I regulary ran across something that does not work or has a broken style. And I know how to turn UO off.
And why should that be a surprise? FF has way less manpower than Chrome. (And even fired lots of engineers, to raise the CEO bonus)
Chrome leads the way and probably the vast majority developes for chrome and with chrome dev tools. So most of the time FF works, but not always. And performance is just worse, but not noticable on a desktop and on mobile it is offset by the working adblock. Meaning perceived performance is usually better, because ads are blocked, unlike in chrome mobile.

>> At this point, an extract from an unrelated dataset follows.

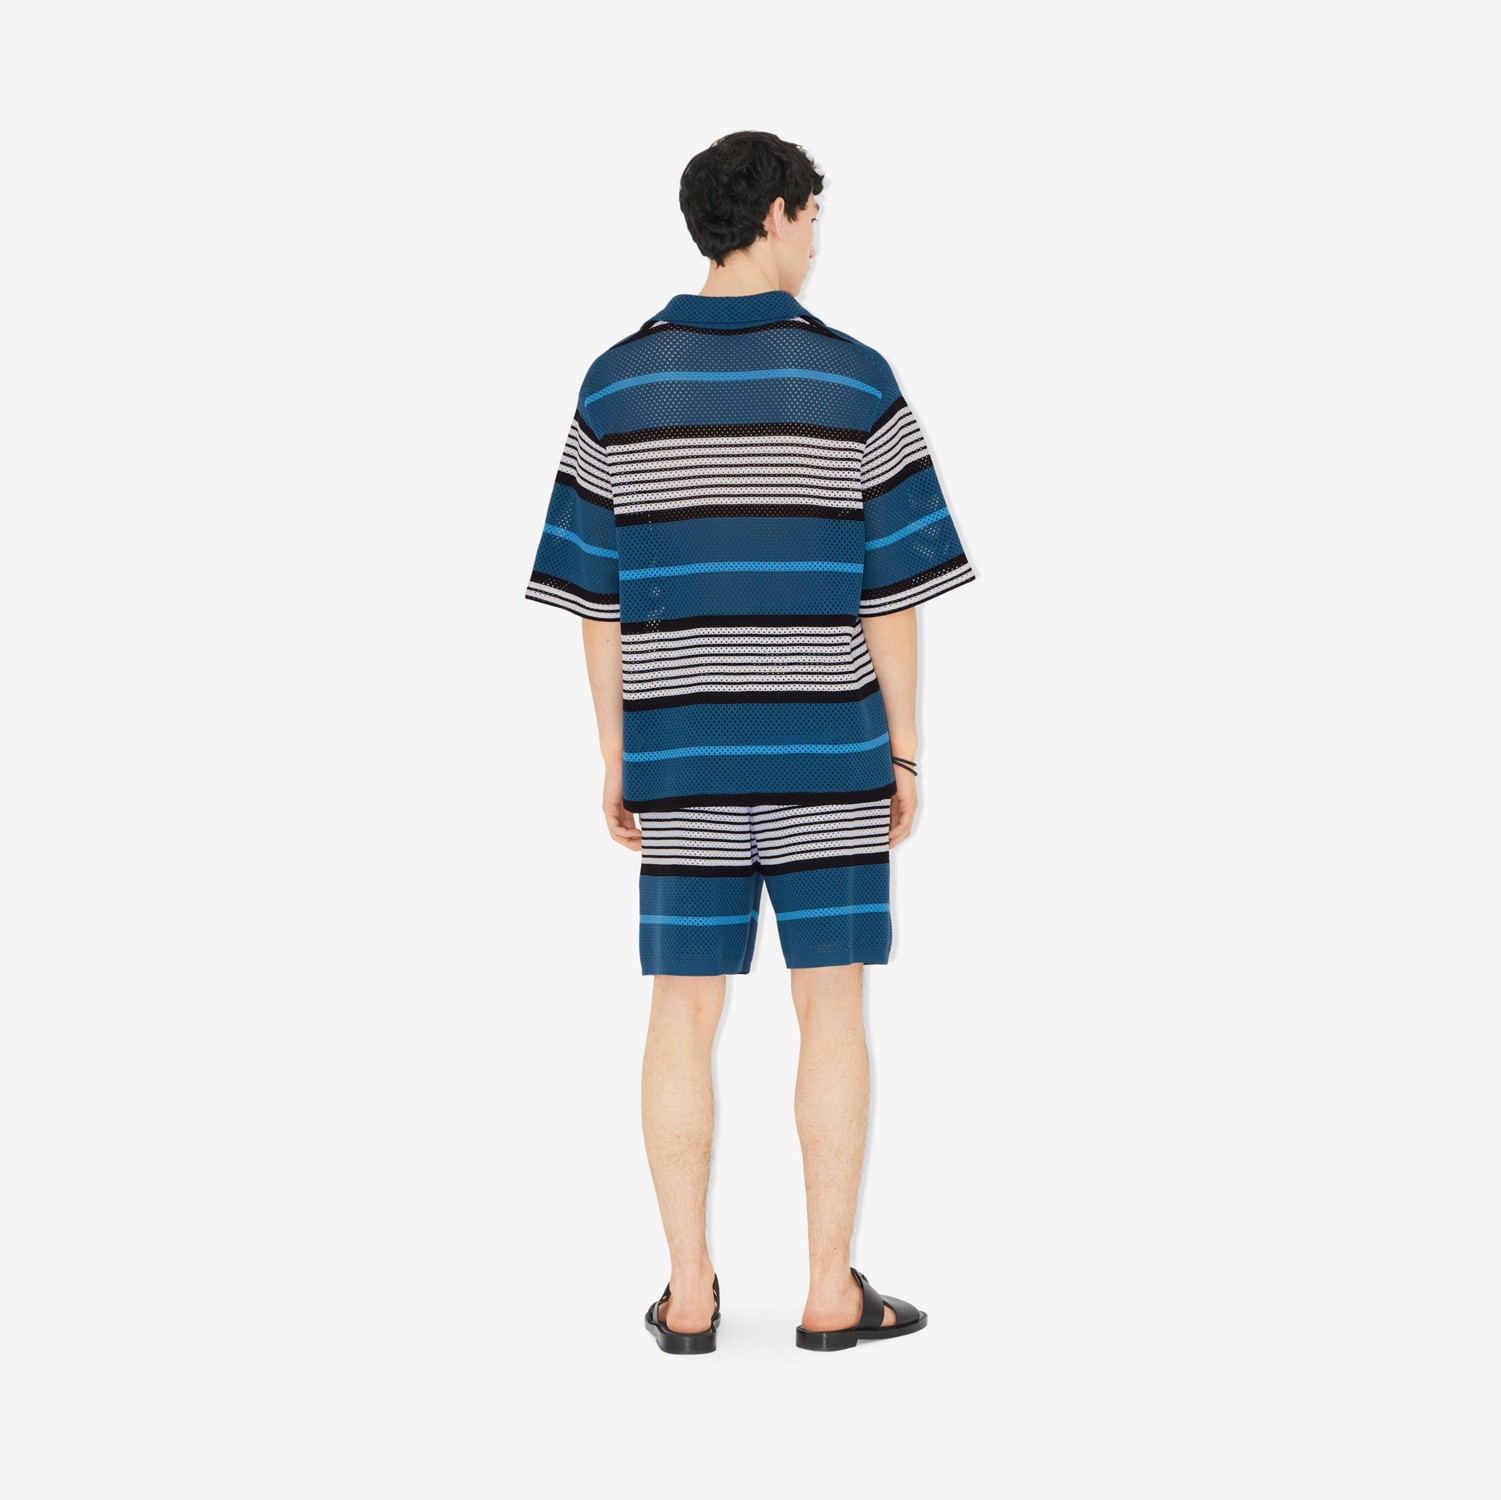 Camisa oversize de nylon com mangas curtas e estampa de listras (Azul Marinho Enriquecido) - Homens | Burberry® oficial
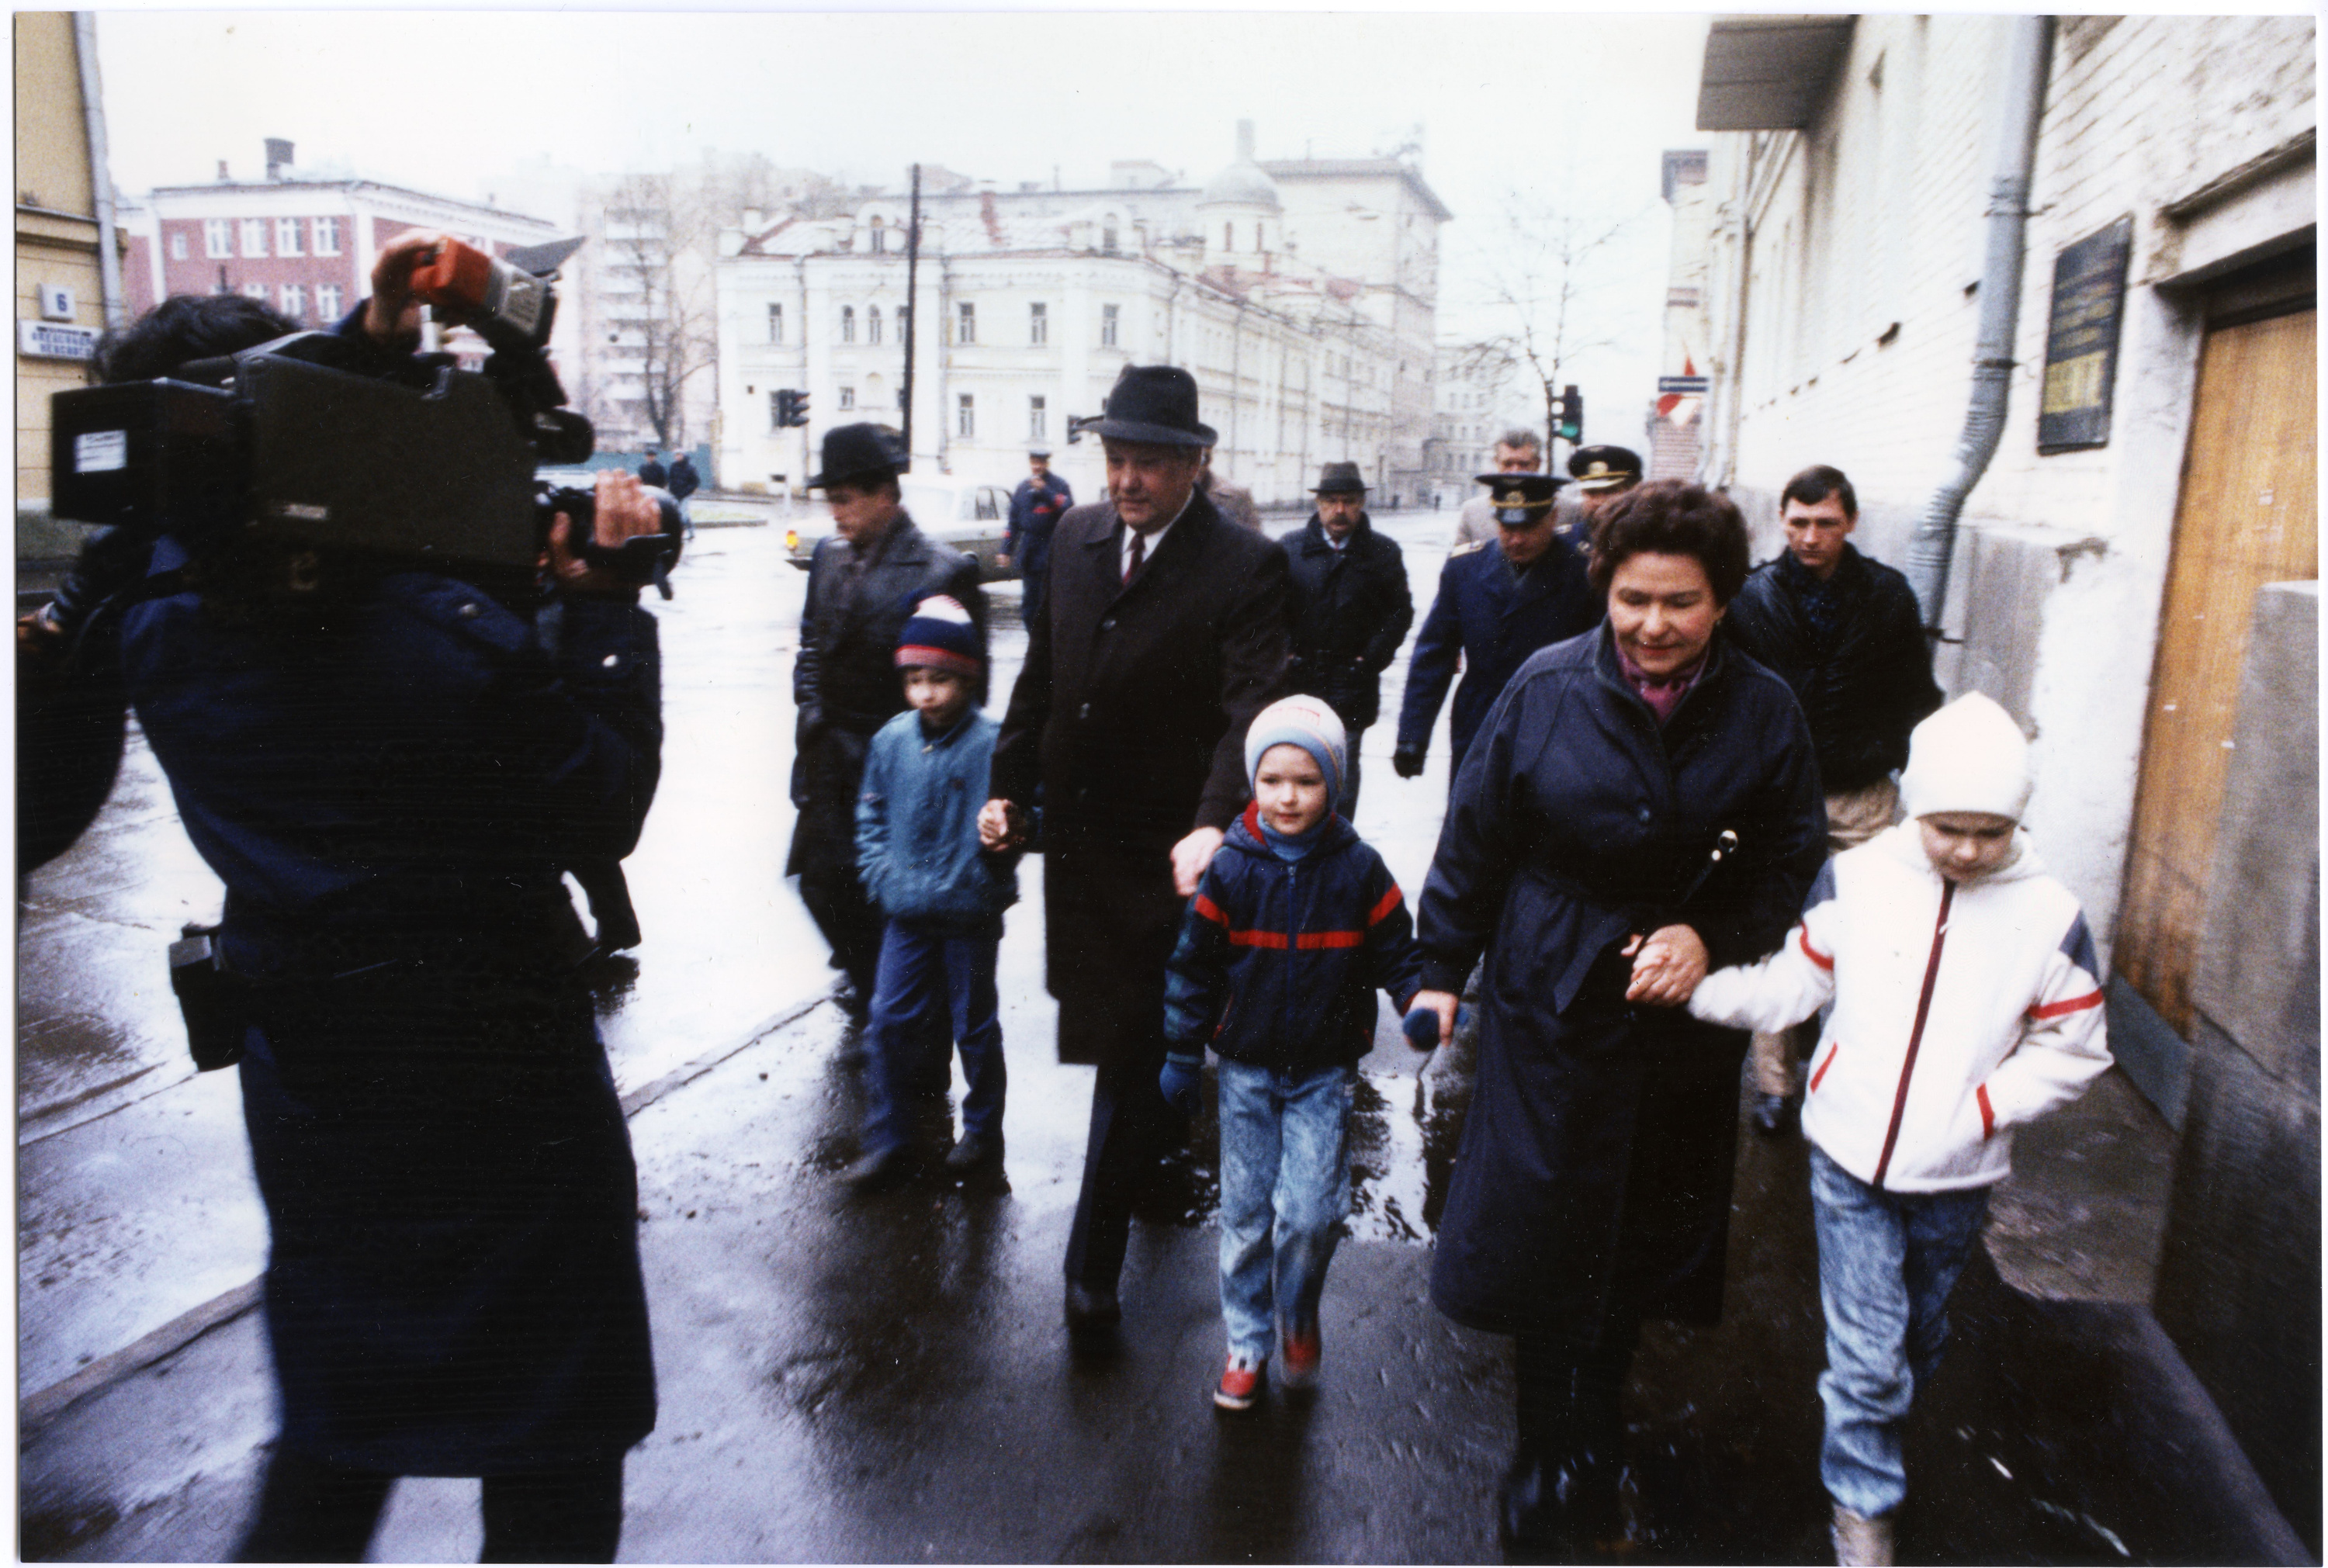 Б. Н. Ельцин и Н. И. Ельцина с семьей по пути на избирательный участок на выборы народных депутатов СССР. Москва. Фото 26 марта 1989 г.

Not the worst idea to avoid a website for breaking in FF (or take a chance to touch grass), but unfortunately when you can't pay your credit card bill or need something for your work and it only works in Chromium it can't be avoided.
And sadly it can be worse, with my quite complex app, that I absolutely did not tailor for chrome, but gone out of my way to also support FF - the result is that chrome is just 3x faster.
I also had problems recently with an online notary service... they forced me to use Chrome...
Not the same problem, but I wonder when faxes will disappear... For example, Progressive Insurance wanted me fax, mail pictures or bring them in person... email didn't work... Of course they didn't have a safe way to transfer them digitally but I would not care if everyone in the world saw those emails.
The useless requirements that they set just proves that they don't understand technology.
> Source: I am a Firefox-first user who occasionally uses plugin-less Chrome because the aforementioned plugins (and "ClearURLs", "Consent-o-matic", and a few others) occasionally break websites.
I have good luck just using a private window, since that has no extensions by default. Bonus: It's really fast; ctrl-l ctrl-c ctrl-shift-p ctrl-c enter
Zero broken websites here, and I use those and more extensions. I also use FF on Android and iPadOS (although that's a Safari reskin, it provides some niceties on top like send tab to device).
I use Firefox with uBlock Origin. I don't use containers but I do use profiles.
Yes some sites are "broken" with uBlock Origin. I don't find it to be many, however. I run into paywalls much more often than I do problems with my browser settings.
Yeah im still a bit surprised that Github doesnt work in firefox for me. It wont load a repository page, its just blank with nothing but the navigation on the page. This happens after turning off all plugins. dont know if github has made it so only chrome works but thats a pretty major site for firefox to not work with.